Kellaway et al. (1971) thought that the relative abundance of Triassic quartzites and the paucity of flint in the Hanborough Gravel implied formation during the interval between the 'Northern Drift glaciation' and the 'Chalky Till' glaciation. According to Shotton (1973a), this would place the Hanborough aggradation between the Anglian and Saalian (Wolstonian) glaciations. The rejection, in recent years, of the Northern Drift as a glacial deposit renders this view obsolete (see above, Sugworth); it is now clear that the Northern Drift is a complex group of deposits spanning the Lower and lower Middle Pleistocene (Chapter 1). Another problem in assessing the age of the Hanborough Formation is the dispute that has arisen in recent years as to which glacial episode is represented by the 'Chalky Till' of the West Midlands (see below).

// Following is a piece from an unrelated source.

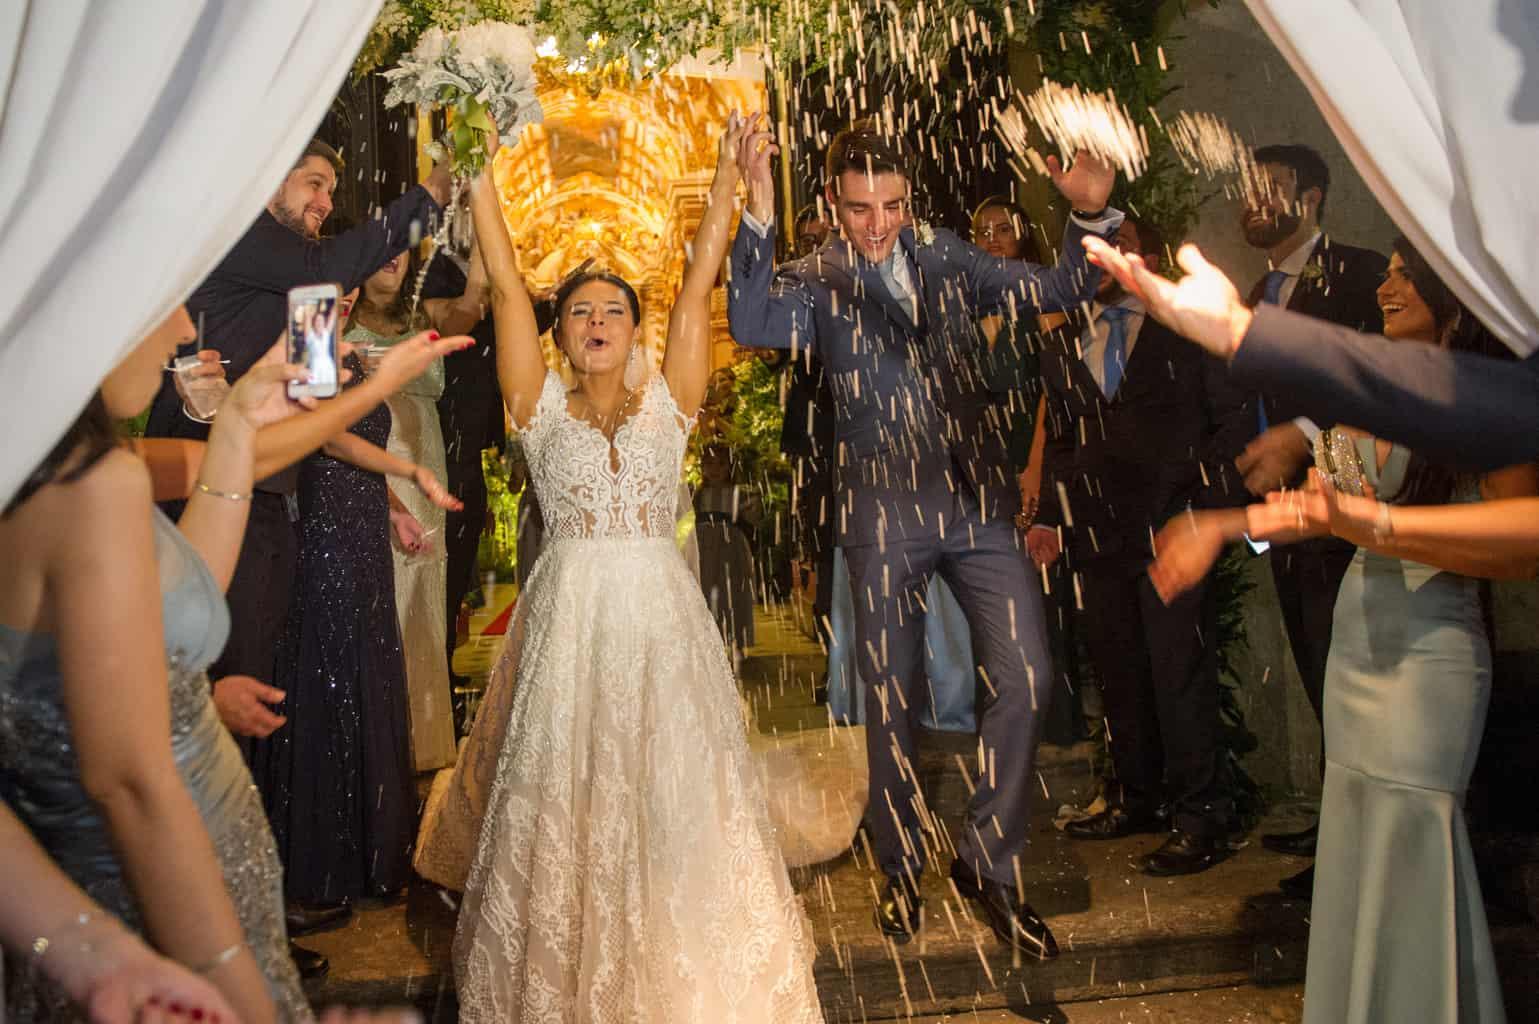 casamenot-Carolina-e-Thiago-casamento-clássico-Rio-de-Janeiro-Fotografia-Marina-Fava6

An important challenge was made by Briggs and Gilbertson (1973, 1974) to the long-held belief that the Hanborough Terrace deposits were of interglacial origin. This view, based on the occurrence of occasional mammal bones in the gravels (see above), had been questioned by Wymer (1968), but reiterated by Kellaway et al. (1971). Briggs and Gilbertson presented new evidence from the Long Hanborough pit, from studies of sedimentology and molluscan faunas, pointing to deposition under cold-climate conditions. The sedimentological analyses, based on samples from temporary exposures at Milton-under-Wychwood and Kingham, as well as the pits at Dean Grove and Long Hanborough, revealed a considerable downstream increase in coarse-grade local material. This would have been incorporated in the gravel as the river flowed through the Evenlode Gorge, suggesting a period of highly active local erosion. In addition to this, the sediment type and the range of sedimentary structures occurring in the deposits suggest deposition by a braided river. The full picture is therefore one of a braided, gravel-bed river in an open environment with sparse vegetation.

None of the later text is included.